## [Task directions]
The reply should hold every line of the listing exactly, and none of its images.

═════ Collected material

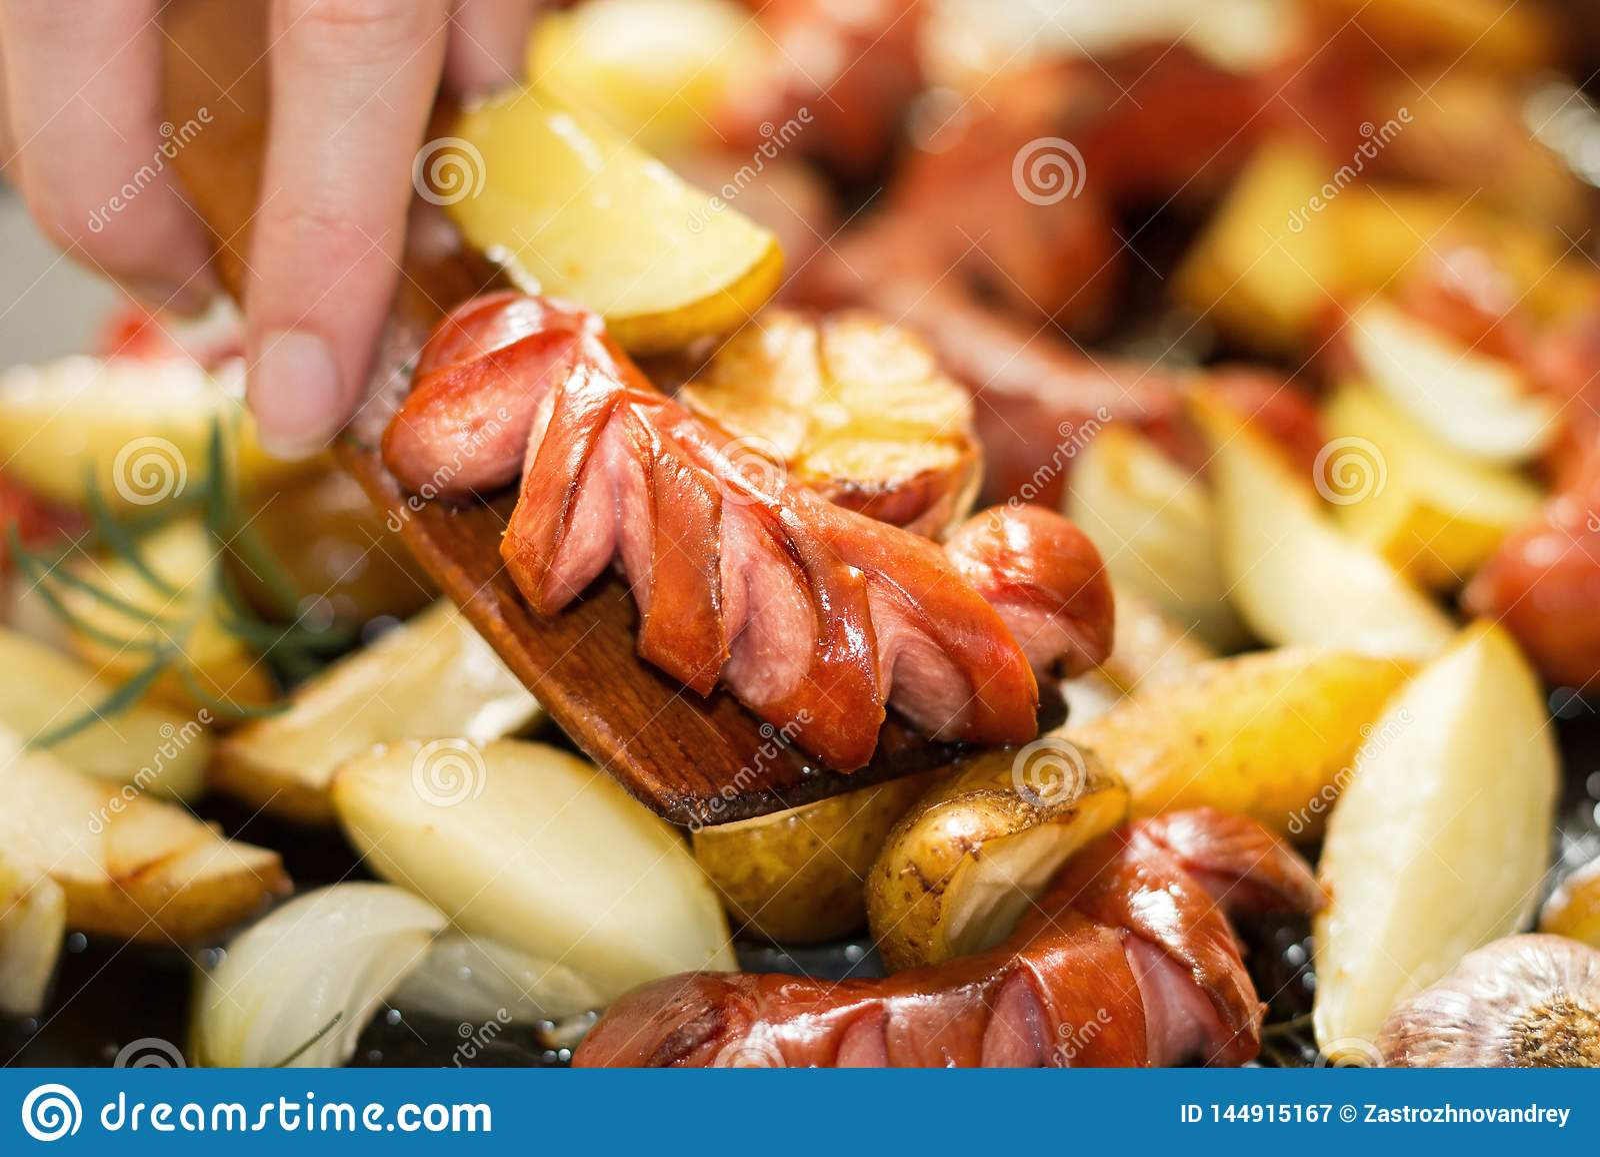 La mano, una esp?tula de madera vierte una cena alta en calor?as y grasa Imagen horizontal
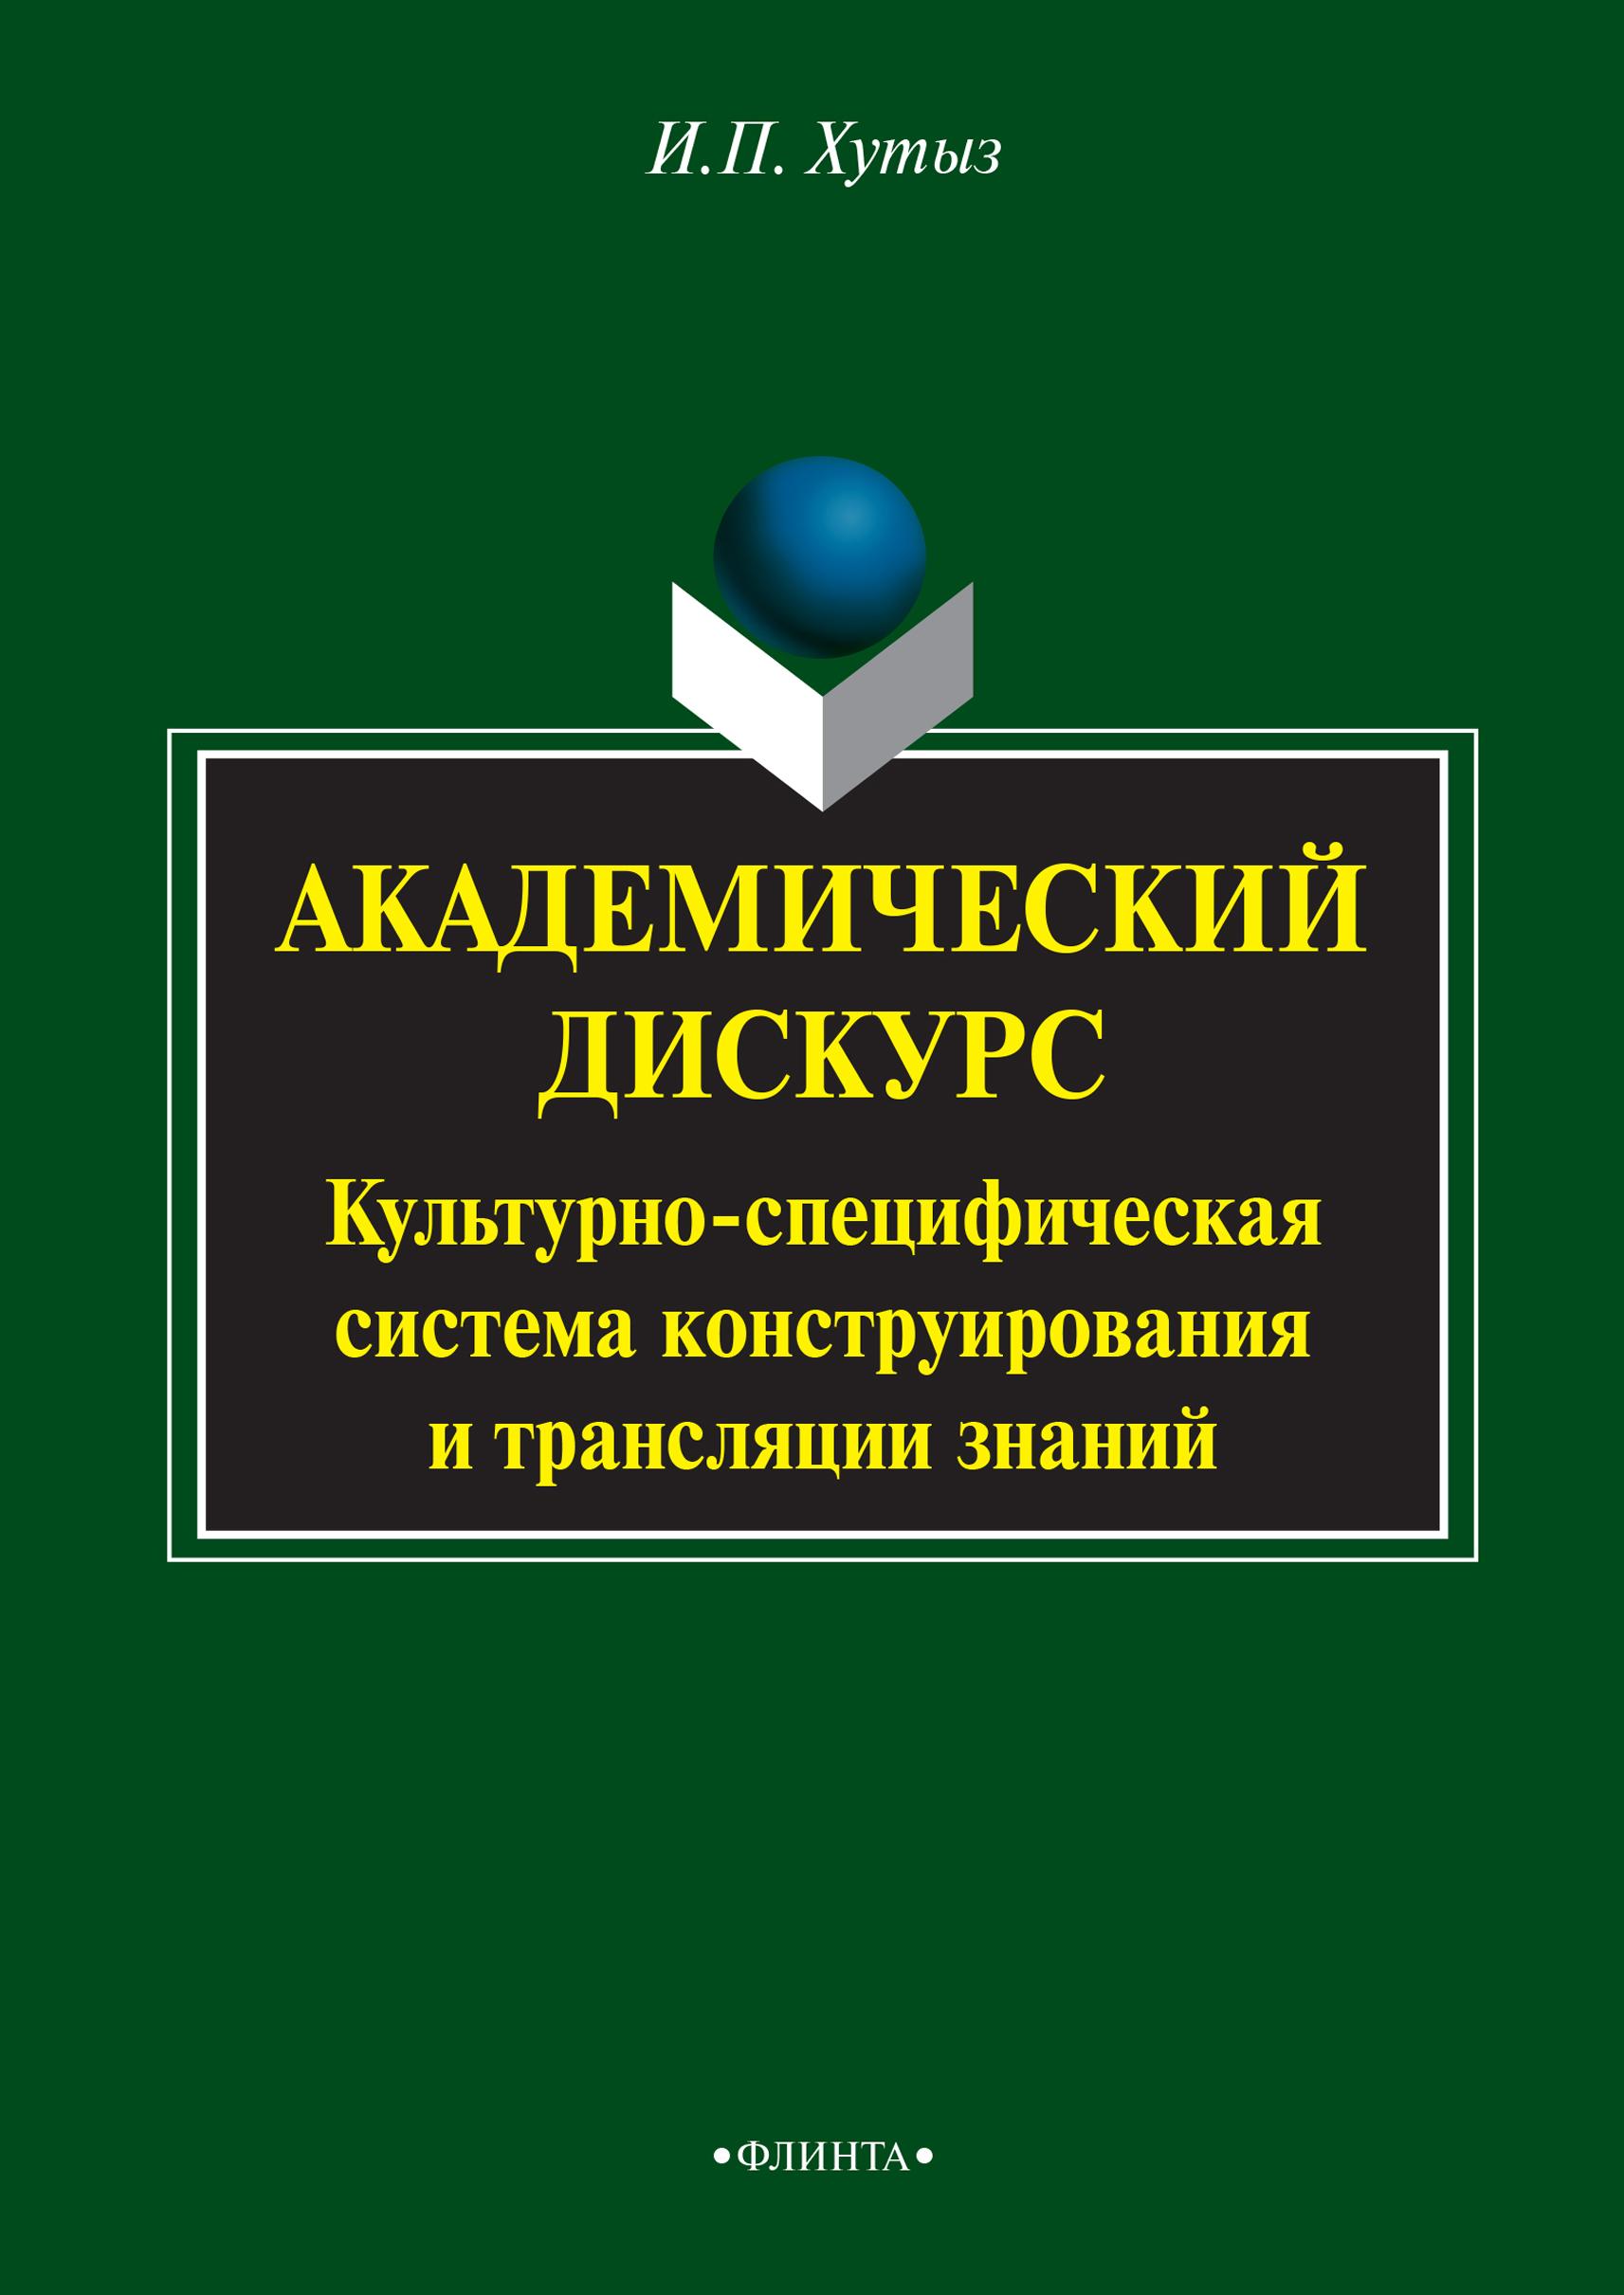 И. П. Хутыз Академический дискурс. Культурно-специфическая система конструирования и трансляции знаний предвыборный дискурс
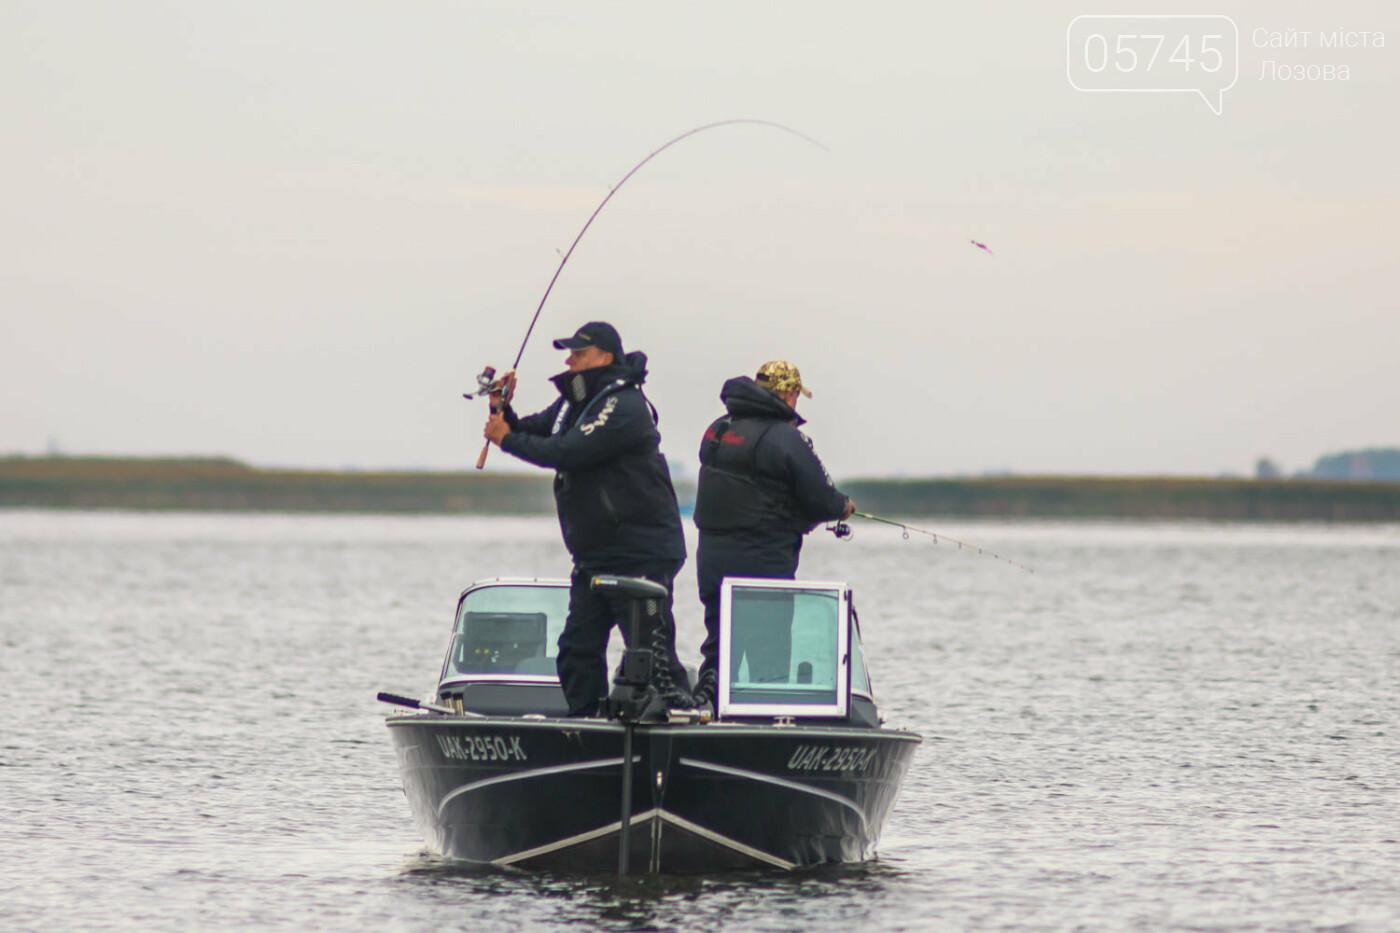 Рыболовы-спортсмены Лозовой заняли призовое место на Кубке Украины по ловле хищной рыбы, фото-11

══════════

## [Exercise answer]
 La mano, una esp?tula de madera vierte una cena alta en calor?as y grasa Imagen horizontal
 И. П. Хутыз Академический дискурс. Культурно-специфическая система конструирования и трансляции знаний предвыборный дискурс
 Рыболовы-спортсмены Лозовой заняли призовое место на Кубке Украины по ловле хищной рыбы, фото-11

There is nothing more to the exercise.